🤖 AI Summary
This work systematically investigates how key design choices affect policy performance in offline preference-based reinforcement learning from human feedback (RLHF). Focusing on mainstream methods—including DPO, IPO, and SLiC—and their variants, we propose the first unified theoretical framework that transcends conventional reparameterization-based derivations. Our analysis rigorously characterizes, from functional optimization and policy gradient bias decomposition perspectives, how loss function structure, log-likelihood normalization strategies, and data sampling mechanisms intrinsically influence convergence behavior and estimation bias. Theoretical results expose fundamental distinctions among algorithms and delineate their respective applicability boundaries.
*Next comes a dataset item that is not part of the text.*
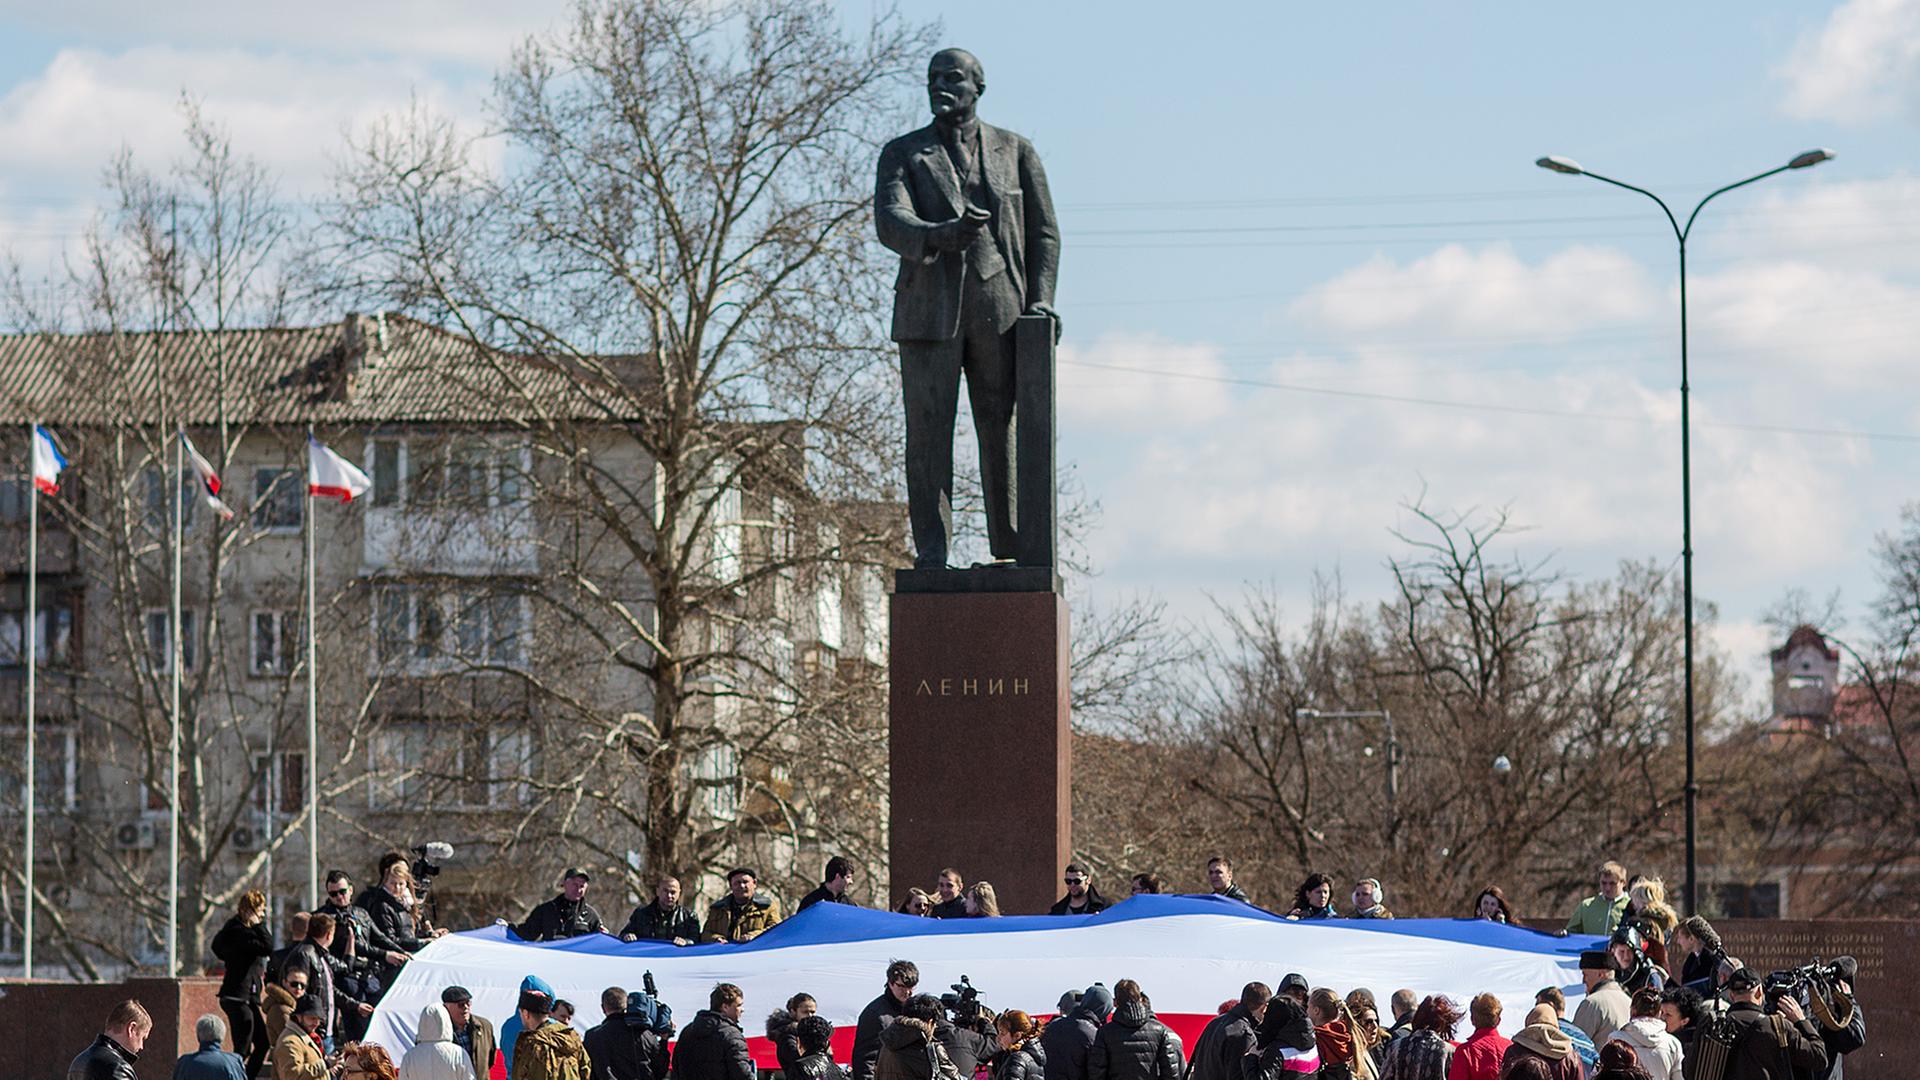 Dutzende Menschen halten am 18.03.2014 in Simferopol (Ukraine) anlässlich der Rede von Russlands Präsidenten Putin eine große russische Flagge vor dem Lenin-Denkmal in Händen.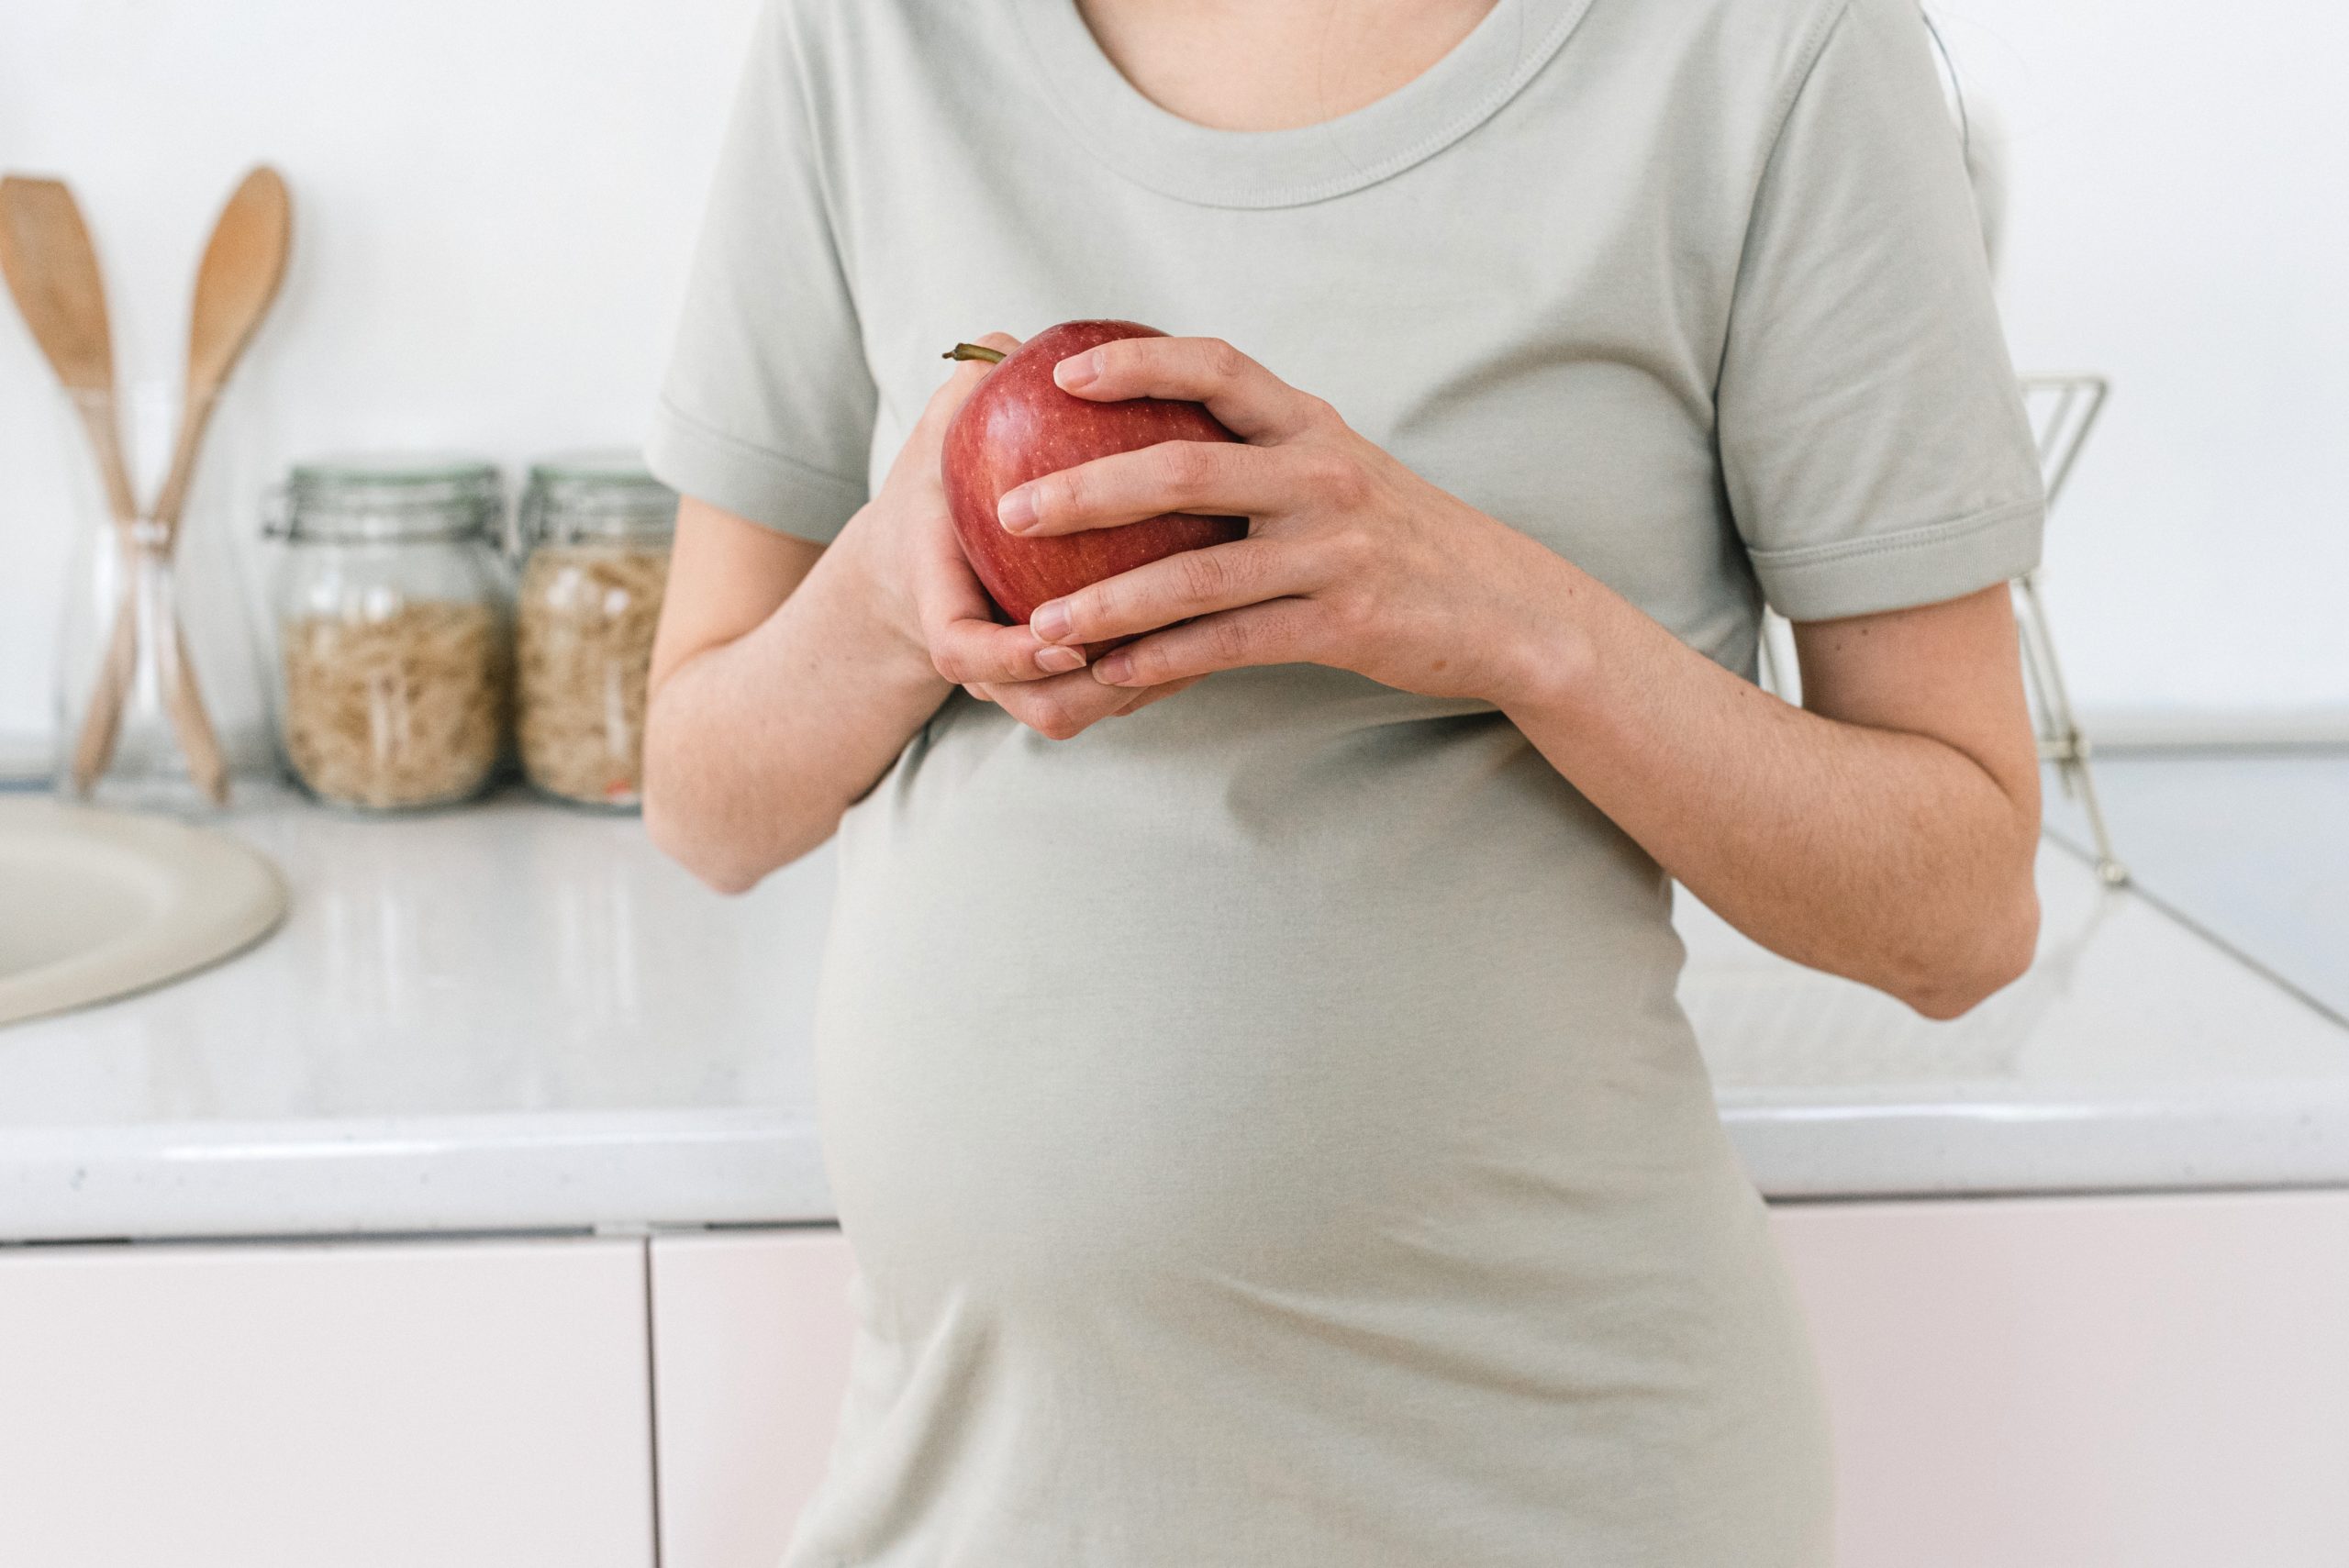 10 preguntas frecuentes sobre la nutrición en el embarazo

Empirical validation on summarization benchmarks confirms our core findings: normalization schemes and sampling protocols critically modulate the signal-to-noise ratio of preference signals, thereby directly governing final alignment quality.
📝 Abstract
Offline algorithms for Reinforcement Learning from Human Preferences (RLHF), which use only a fixed dataset of sampled responses given an input, and preference feedback among these responses, have gained increasing prominence in the literature on aligning language models. In this paper, we study how the different design choices made in methods such as DPO, IPO, SLiC and many variants influence the quality of the learned policy, from a theoretical perspective. Our treatment yields insights into the choices of loss function, the policy which is used to normalize log-likelihoods, and also the role of the data sampling policy. Notably, our results do not rely on the standard reparameterization-style arguments used to motivate some of the algorithms in this family, which allows us to give a unified treatment to a broad class of methods. We also conduct a small empirical study to verify some of the theoretical findings on a standard summarization benchmark.